**Task brief:** Please give the entries below again exactly, omitting every picture.

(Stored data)
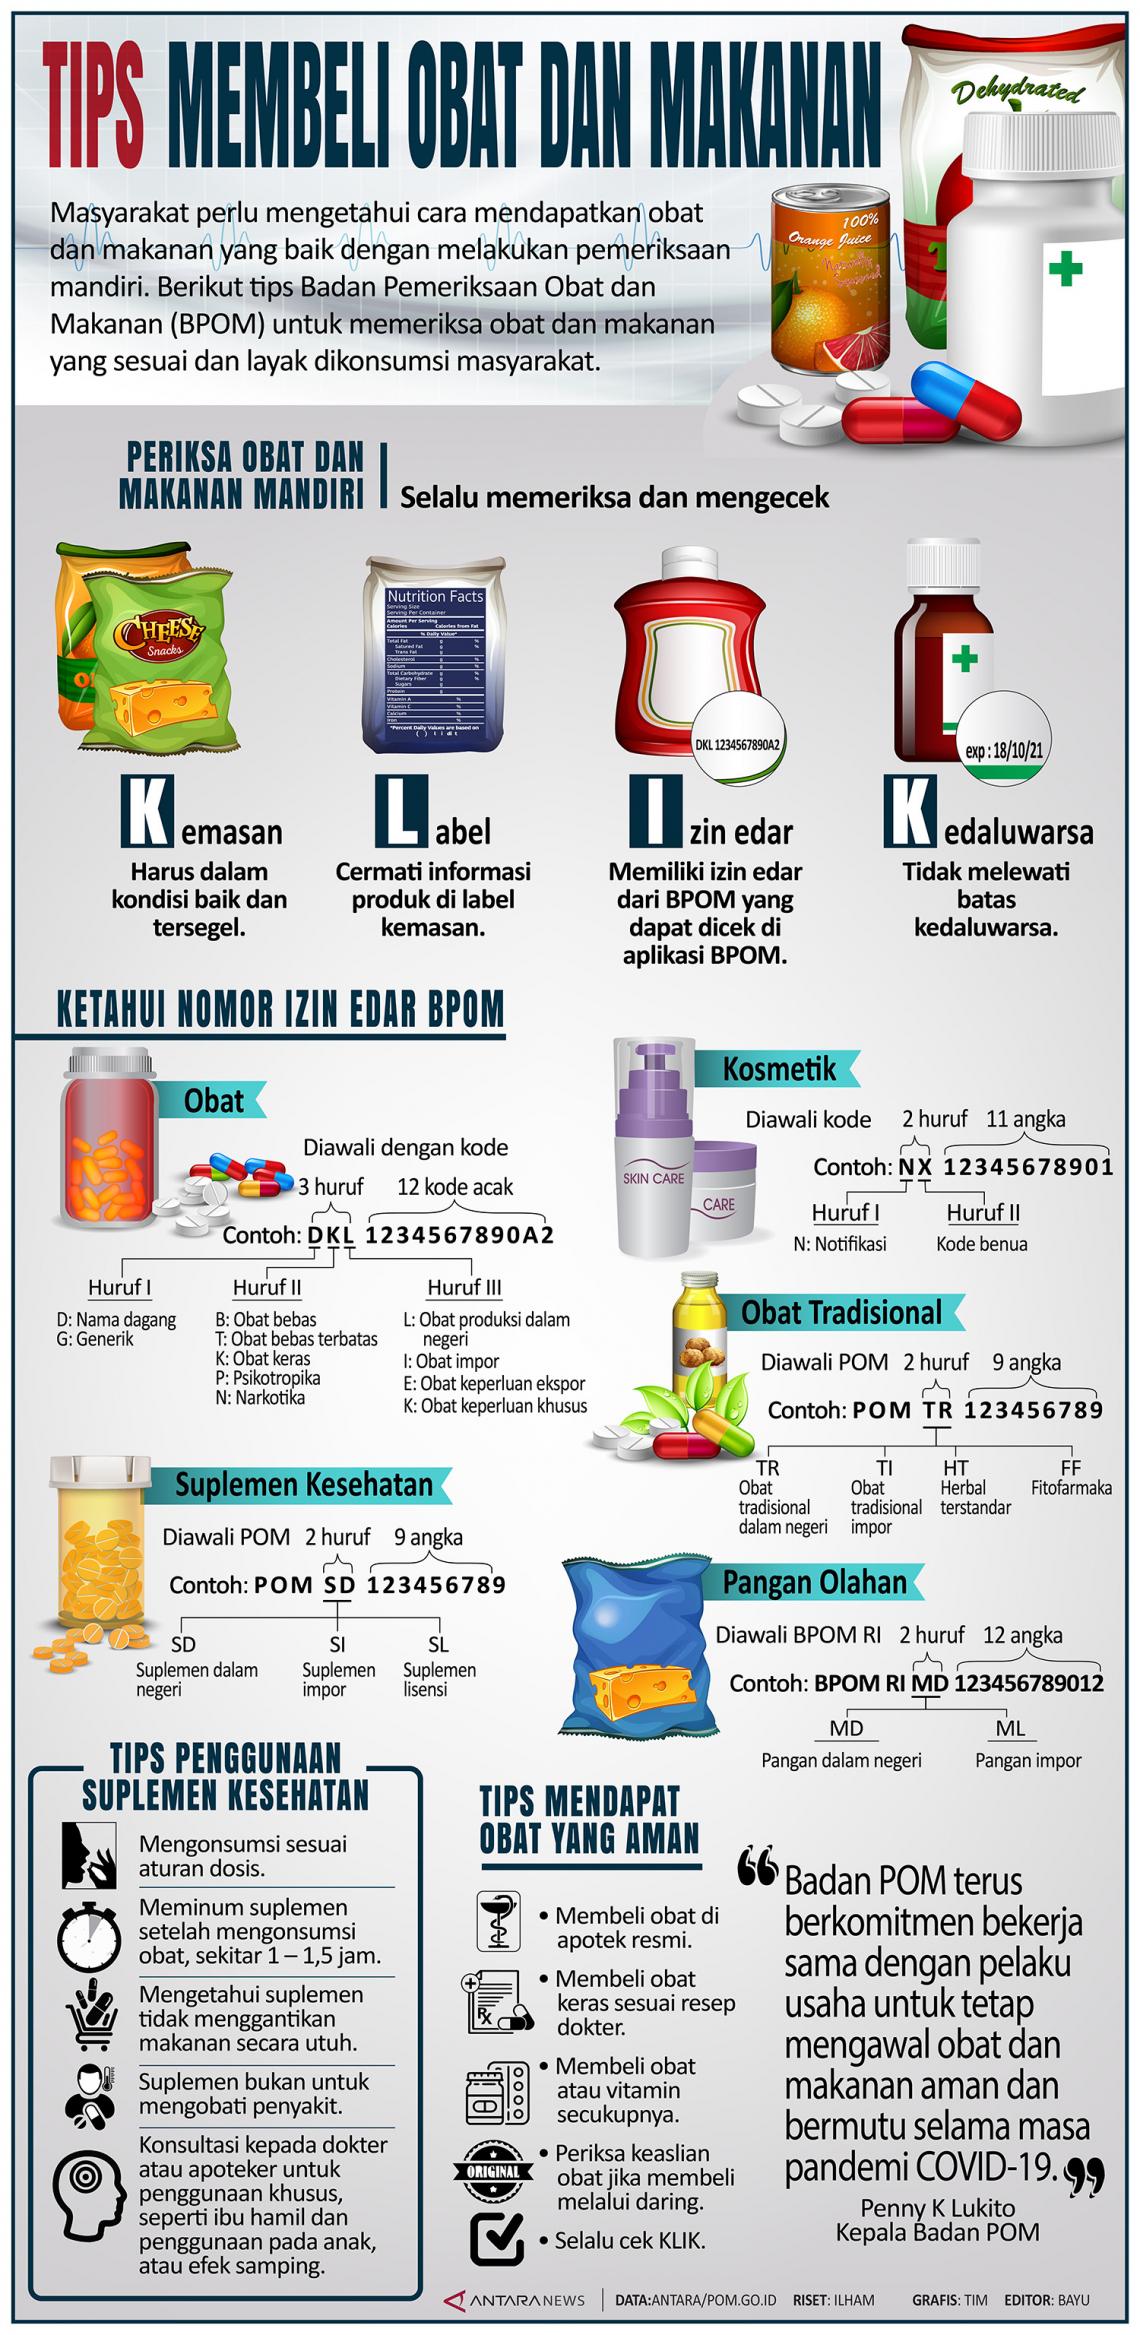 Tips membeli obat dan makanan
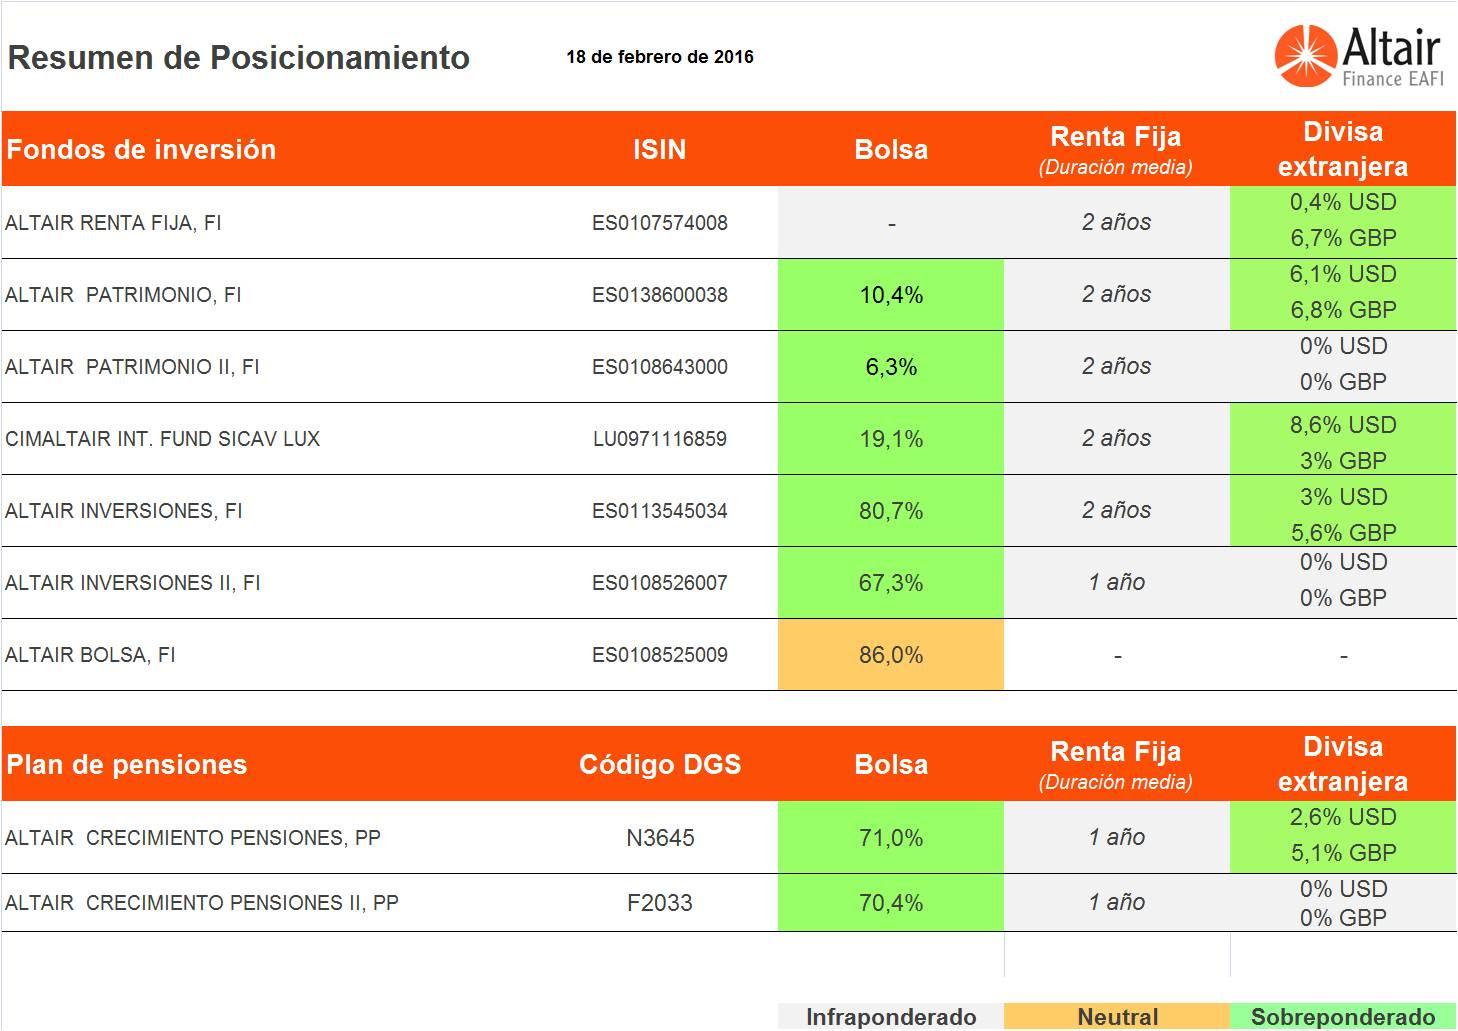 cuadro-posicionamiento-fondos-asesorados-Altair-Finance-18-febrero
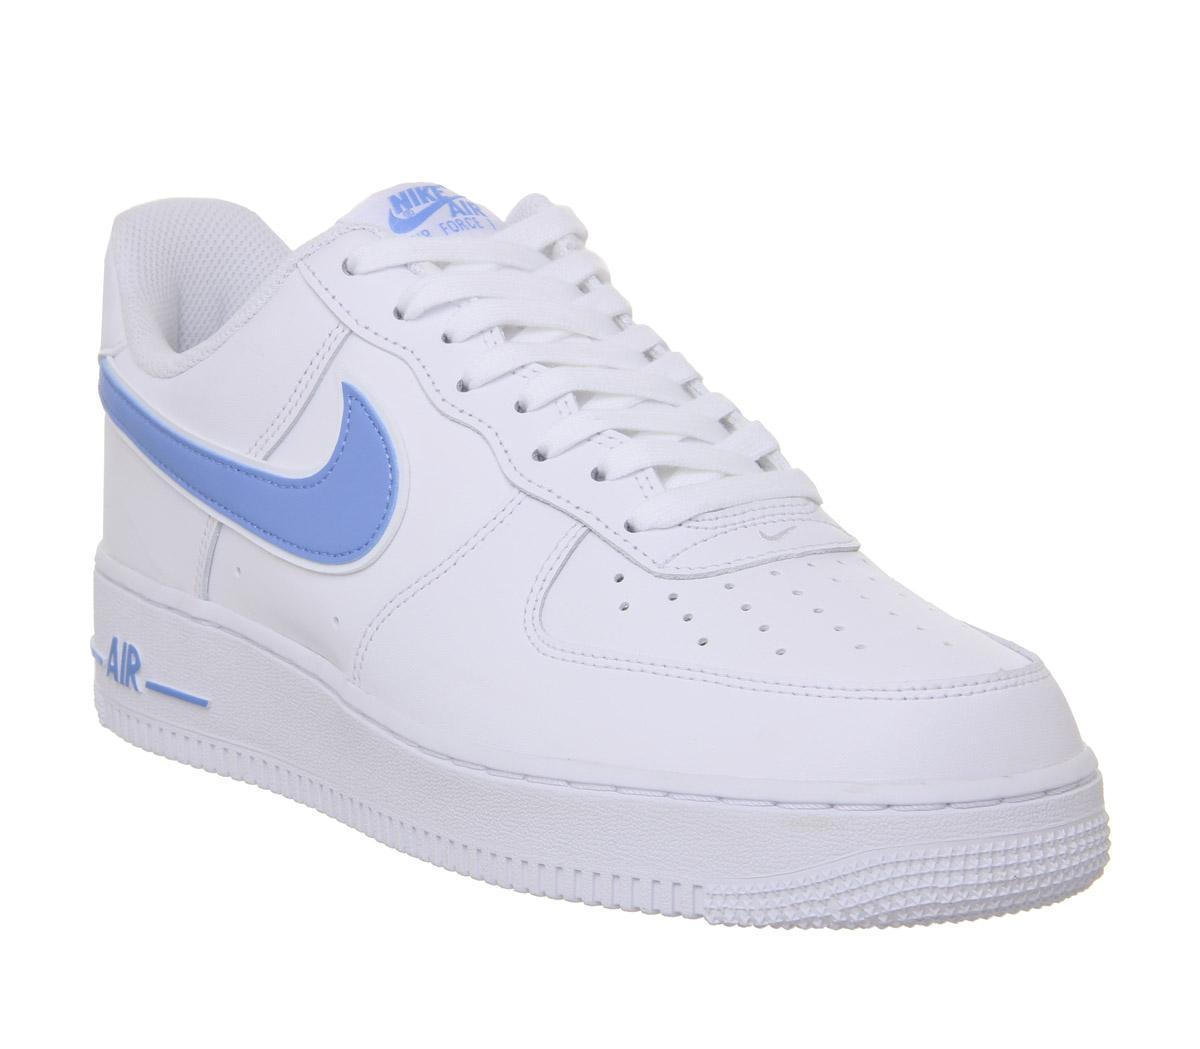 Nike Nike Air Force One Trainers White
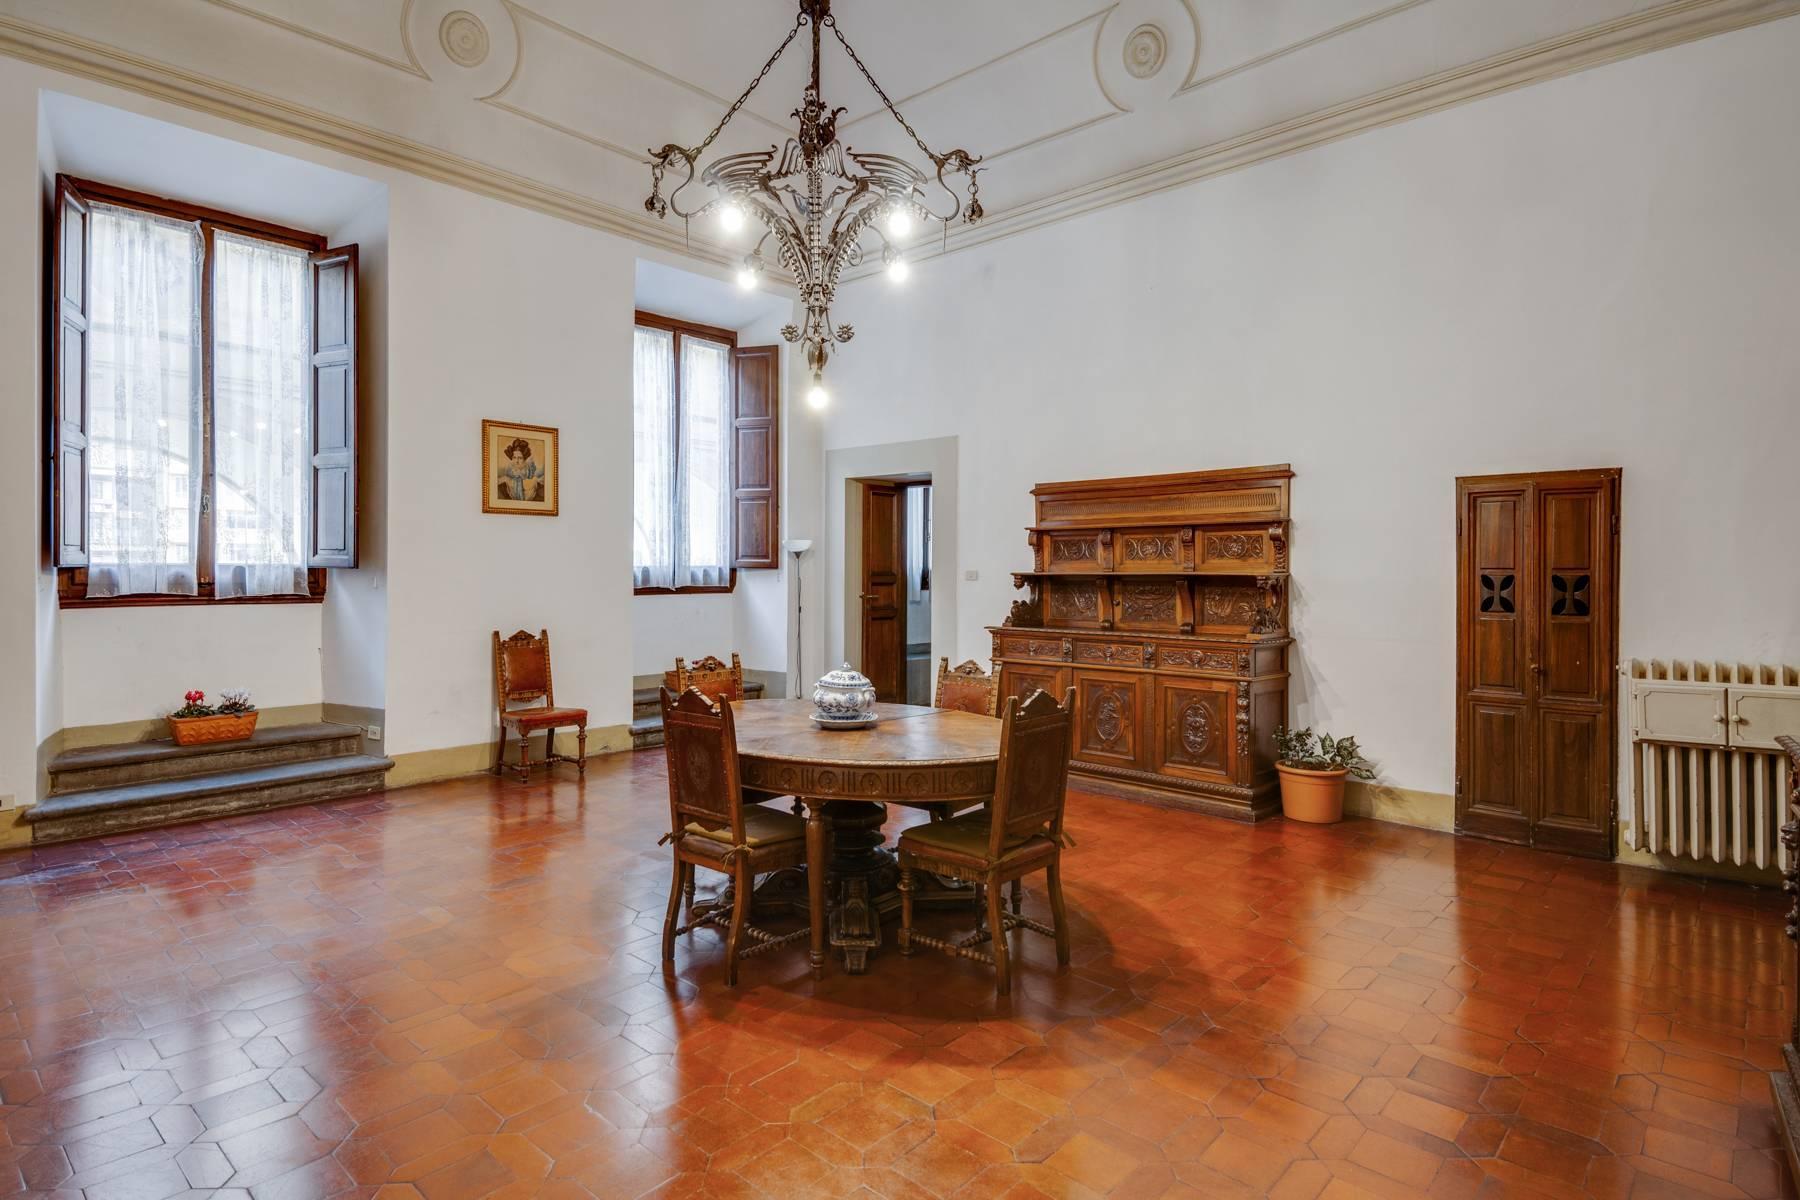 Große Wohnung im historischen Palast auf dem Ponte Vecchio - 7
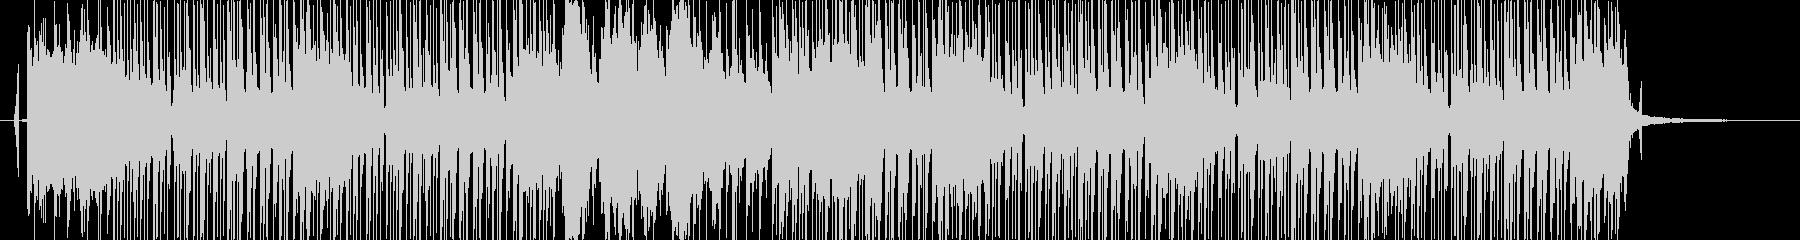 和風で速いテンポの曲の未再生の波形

**Solution to this exercise:**
 Tips membeli obat dan makanan
 cuadro-posicionamiento-fondos-asesorados-Altair-Finance-18-febrero
 Nike Nike Air Force One Trainers White
 Große Wohnung im historischen Palast auf dem Ponte Vecchio - 7
 和風で速いテンポの曲の未再生の波形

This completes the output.